Every hour can mean the difference between life and death for migrants lost at sea off the coast of West Africa. The vast Atlantic Ocean, unpredictable weather and long migration routes make rescue operations extremely difficult. For the nonprofit Humanitarian Pilot Initiative (HPI), searching for missing boats is often described as looking for a needle in a haystack. Using small aircraft to scan enormous stretches of ocean, the group relies on fragmentary tips about departure points, dates and passenger numbers. “If we receive information about a case, we can launch a flight,” said Samira, HPI’s tactical coordinator. “But the information is often incomplete, which makes locating the boat extremely challenging.”

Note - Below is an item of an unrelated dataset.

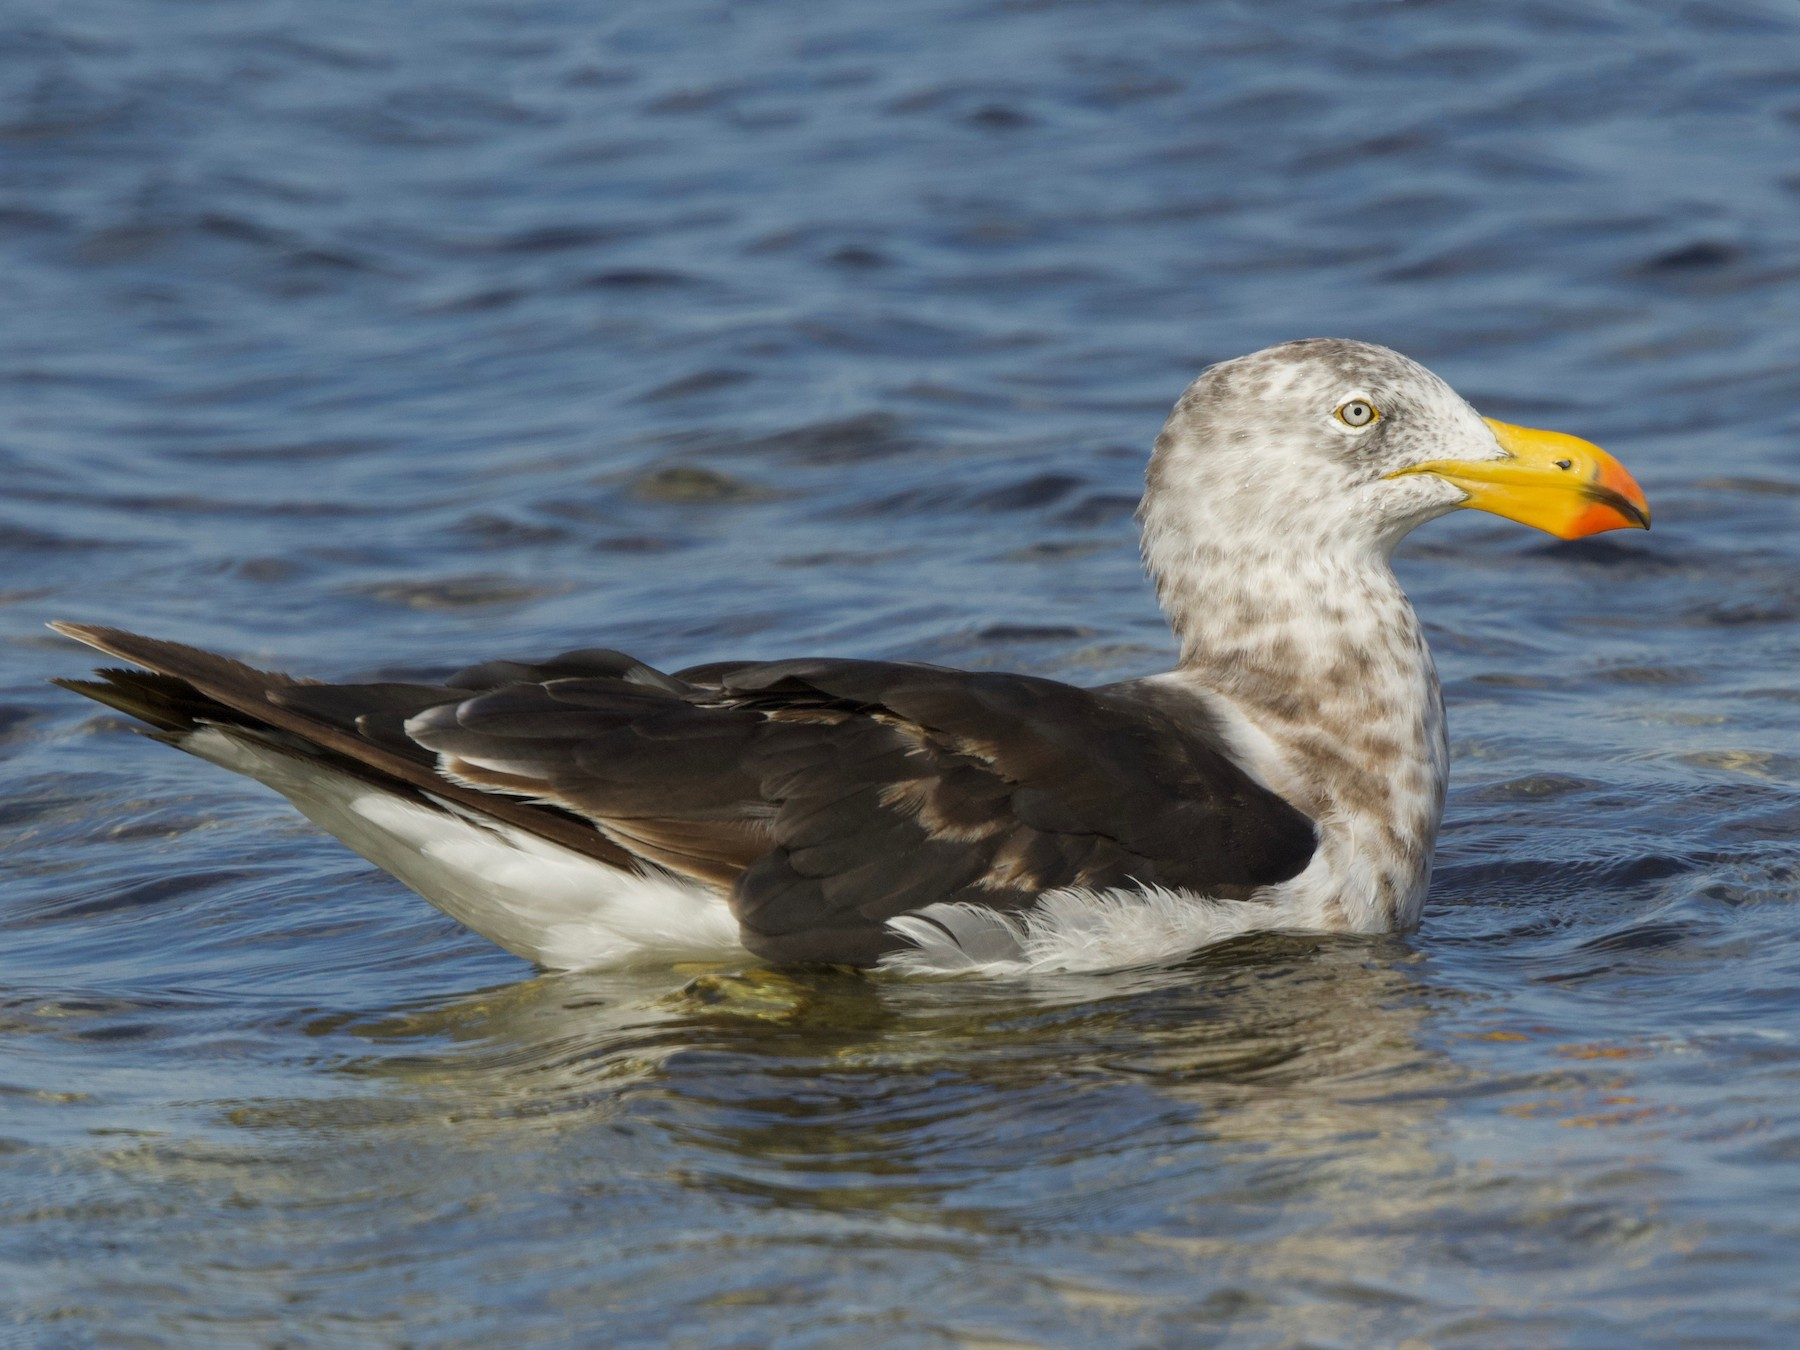 Pacific Gull - David  Tytherleigh

Many migrants aim to reach the Canary Islands, about 120 kilometres off Africa’s northwest coast. However, tighter border controls have pushed departure points further south, including The Gambia, extending journeys to nearly 1,000 nautical miles. These crossings typically last around 10 days, assuming boats do not lose their way. “If a boat gets lost on day one, the search area is completely different from day eight,” Samira explained. “That’s what makes it almost impossible.” Some vessels have drifted thousands of kilometres, even reaching the Caribbean or South America, often with no survivors.

During one recent mission, HPI pilot Oumar El Manfalouty flew the NGO’s Beechcraft Baron 58, nicknamed Seabird, scanning waters roughly 800 kilometres south of the Canary Islands. “Conditions are very difficult high winds and strong waves,” he said. “Every hour counts. People could already be dead or dying from dehydration or heat stroke.” When HPI spots a boat, it immediately alerts nearby commercial ships and Spain’s maritime rescue service, Salvamento Marítimo, which then coordinates the rescue.
At a migrant reception centre in Las Palmas, 25-year-old Ousmane Ly reflected on his journey from Senegal via The Gambia. Despite visible salt-water burns and exhaustion, relief outweighed the pain. “We were covered with a tarpaulin day and night,” he said, explaining it was removed only when they were rescued after 10 days at sea. Ly noted that routes through Mauritania once took five to six days, but increased surveillance forced migrants to take longer, riskier paths. “We do this because we believe in ourselves and want to support our families,” he said. According to Spanish NGO Caminando Fronteras, more than 3,000 migrants died last year attempting to reach the Canary Islands underscoring the deadly stakes of these Atlantic crossings.